The elegant dance of digital tokens that keeps everything flowing smoothly.

The rate limiter uses a token bucket algorithm:

  • Tokens: Represent available requests
  • Bucket Size: Maximum burst requests allowed
  • Refill Rate: How quickly tokens are replenished
  • Thread Safe: Handles concurrent requests safely

🛠️ Join the Lunar Development Cult

Want to contribute to the cosmic cause? We welcome fellow moon enthusiasts!

After checking out the repo, run bin/setup to install dependencies (like preparing your lunar laboratory). Then, run rake spec to run the tests (because even moon phases need quality control). You can also run bin/console for an interactive prompt that will allow you to experiment (perfect for midnight coding sessions under the actual moon).

To install this gem onto your local machine, run bundle exec rake install. To release a new version, update the version number in version.rb, and then run bundle exec rake release, which will create a git tag for the version, push git commits and the created tag, and push the .gem file to rubygems.org (sharing lunar magic with the world!).

🤝 Become a Lunar Contributor

Every great gem needs a community of stargazers and code wizards.

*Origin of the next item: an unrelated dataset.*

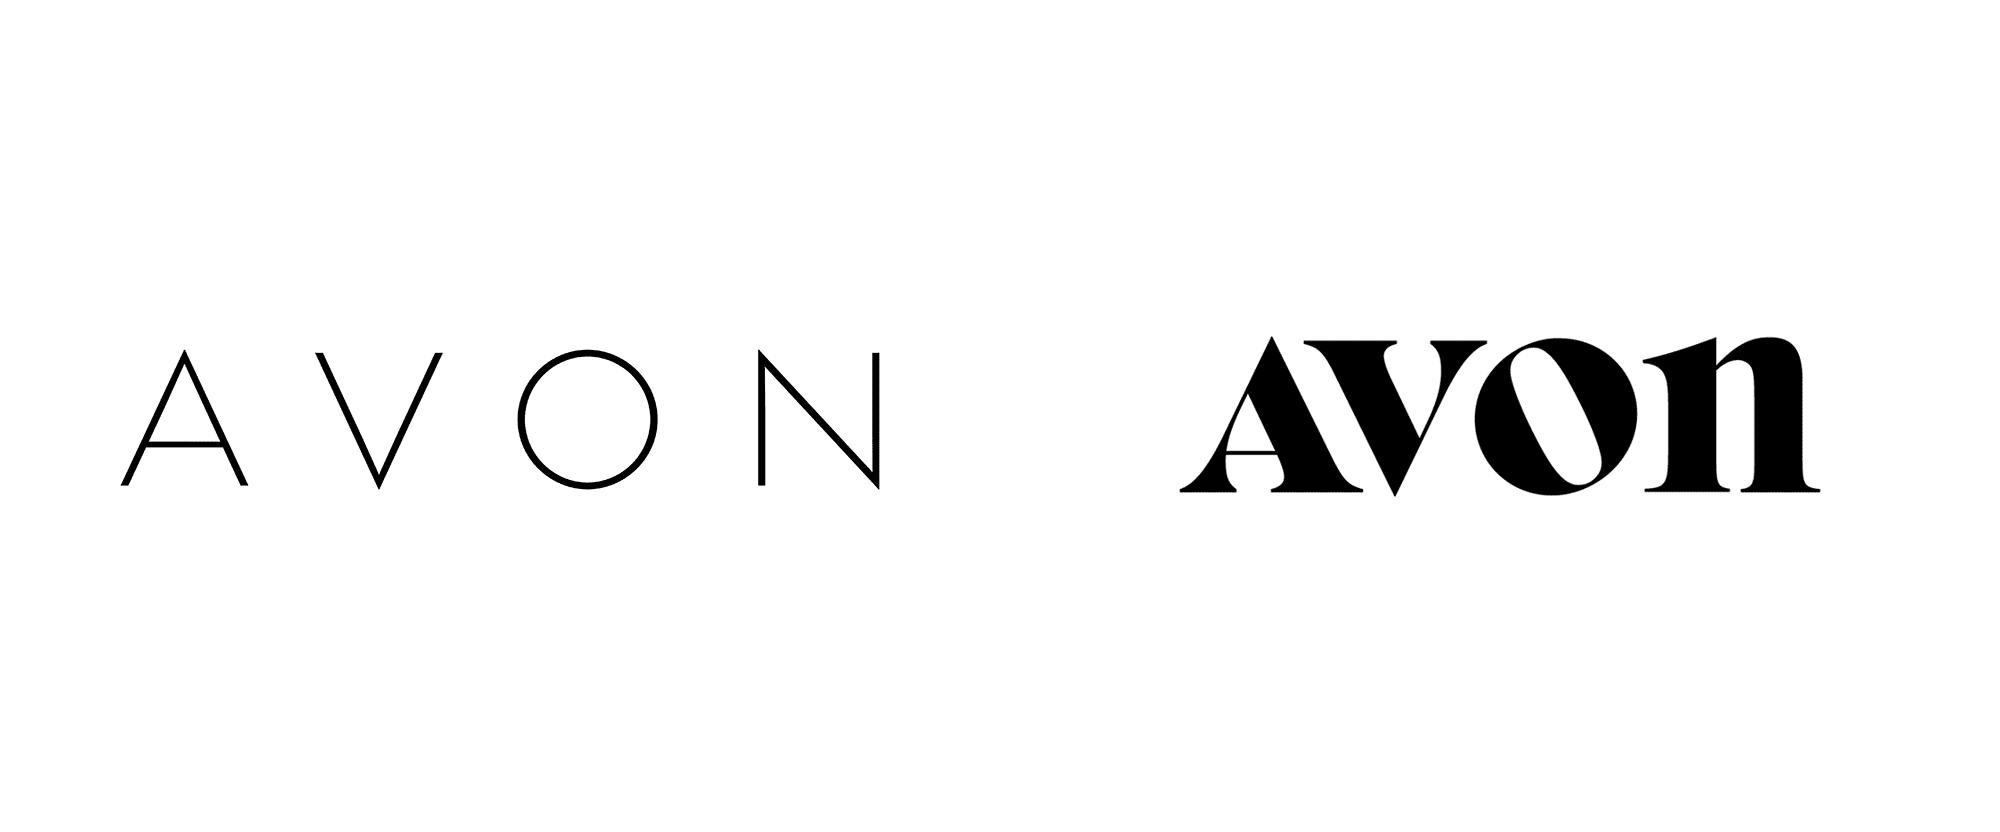 avon logo before after - Beauty značka Avon představuje nové mladistvé logo

Bug reports and pull requests are welcome on GitHub at https://github.com/dklima/moon_phase_tracker. Found a bug? Think of it as discovering a new lunar crater - exciting stuff! This project is intended to be a safe, welcoming space for collaboration, where all contributors can shine as bright as a Full Moon. Contributors are expected to adhere to the code of conduct.

📜 Legal Lunar Stuff

Even moon phases need proper paperwork.

The gem is available as open source under the terms of the MIT License.

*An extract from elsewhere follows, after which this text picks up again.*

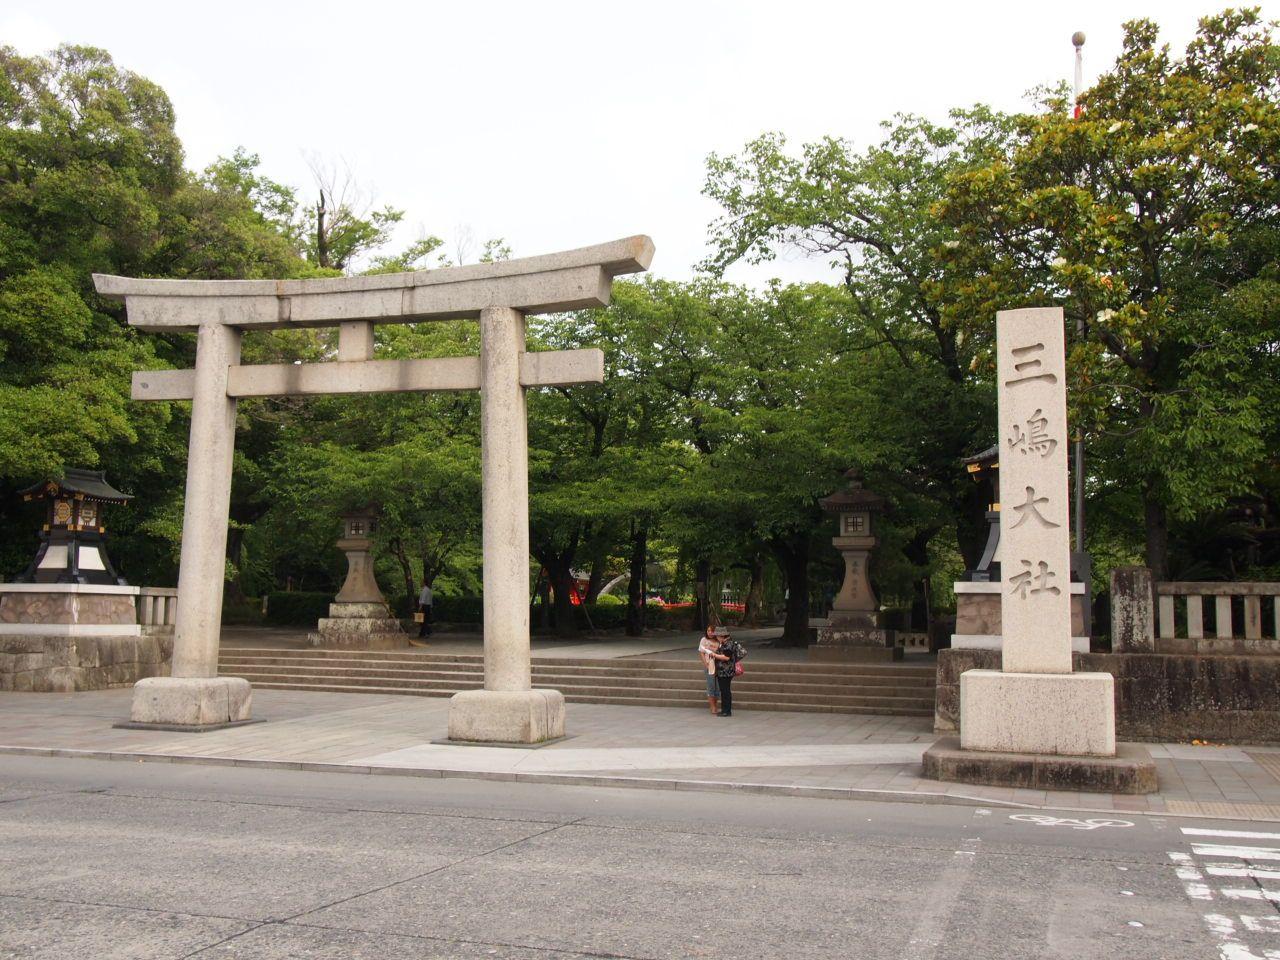 2,000年余の長い歴史がある三嶋大社

🌟 Lunar Community Guidelines

We believe in creating a space as welcoming as moonlight on a summer evening.

Everyone interacting in the MoonPhaseTracker project's codebases, issue trackers, chat rooms and mailing lists is expected to follow the code of conduct. Together, we create a community as harmonious as the lunar cycles themselves.